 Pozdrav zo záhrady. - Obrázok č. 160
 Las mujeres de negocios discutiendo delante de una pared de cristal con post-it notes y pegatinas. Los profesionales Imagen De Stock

..............................

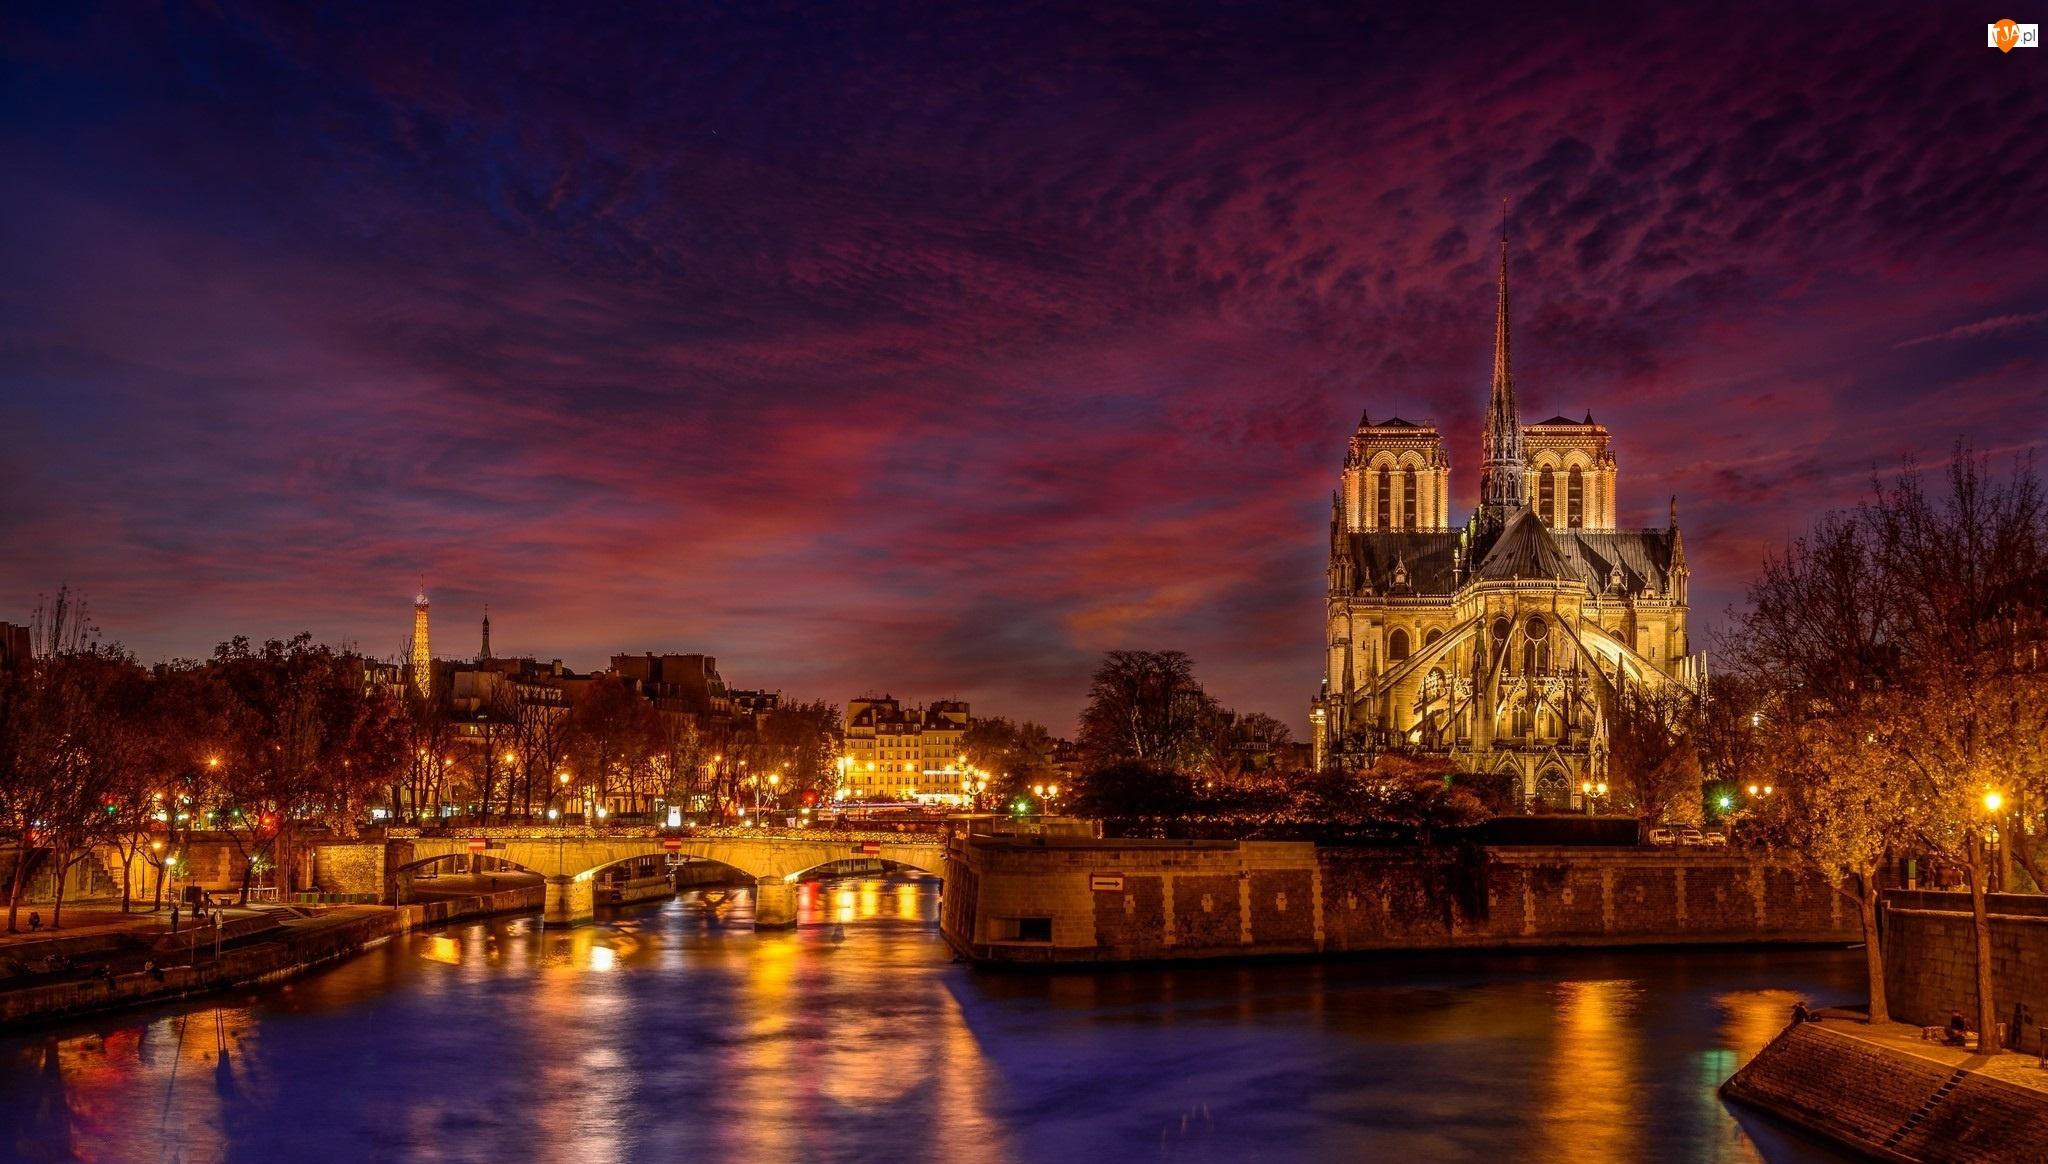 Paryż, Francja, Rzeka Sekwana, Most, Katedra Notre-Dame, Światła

..............................

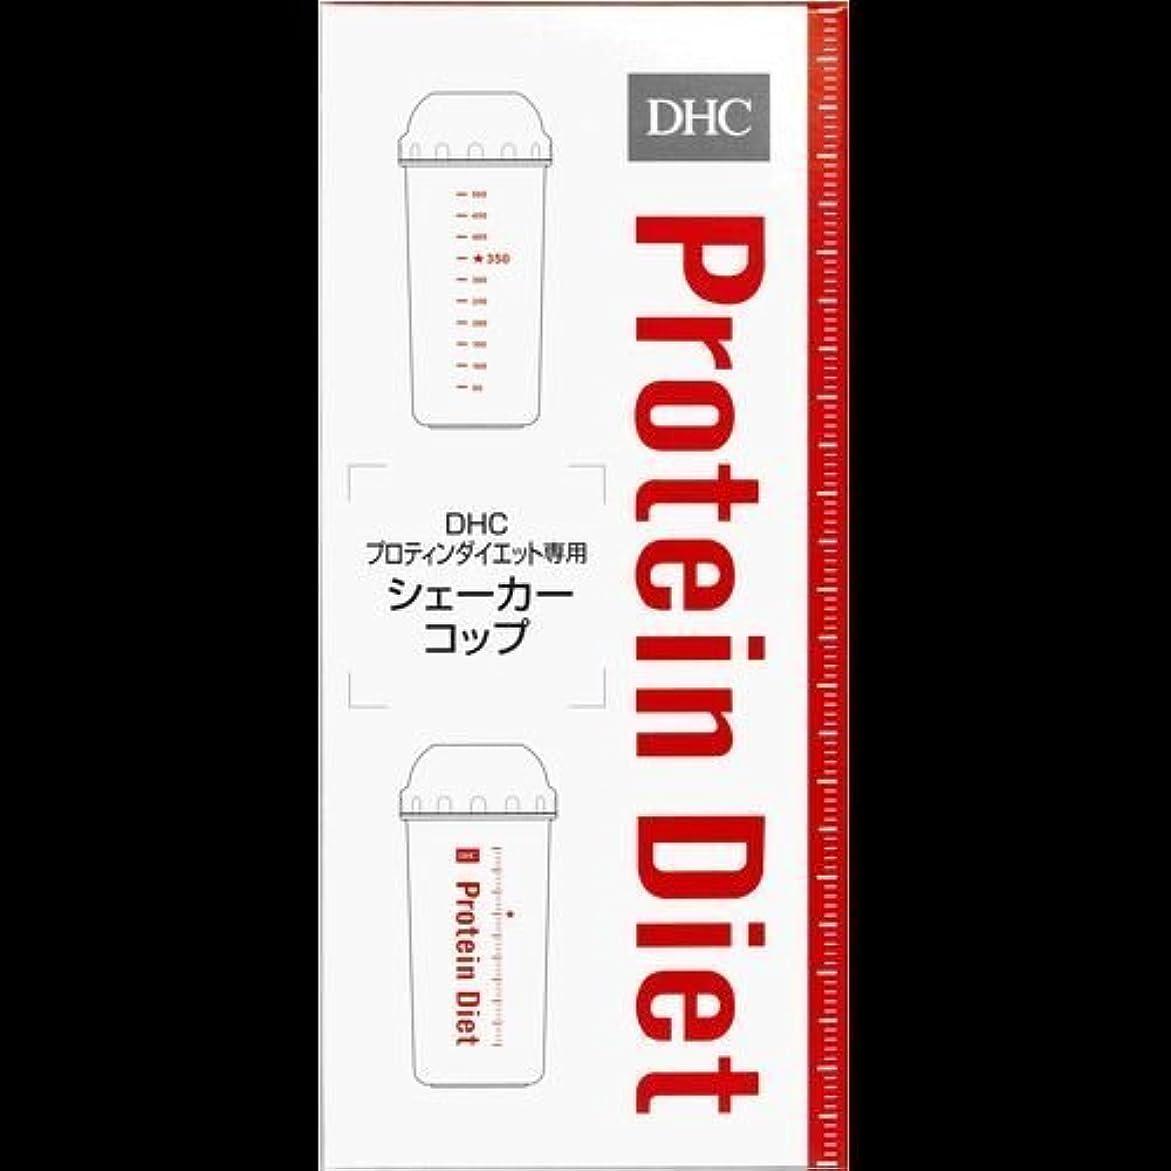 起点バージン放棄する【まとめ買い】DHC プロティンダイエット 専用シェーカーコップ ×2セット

..............................

* Required work
Among the lines above, find the one with "Pozdrav zo záhrady. - Obrázok č. 160" and the one with "Las mujeres de". Quote both and everything between them, exactly.

* Worked solution
 Pozdrav zo záhrady. - Obrázok č. 160
 Las mujeres de negocios discutiendo delante de una pared de cristal con post-it notes y pegatinas. Los profesionales Imagen De Stock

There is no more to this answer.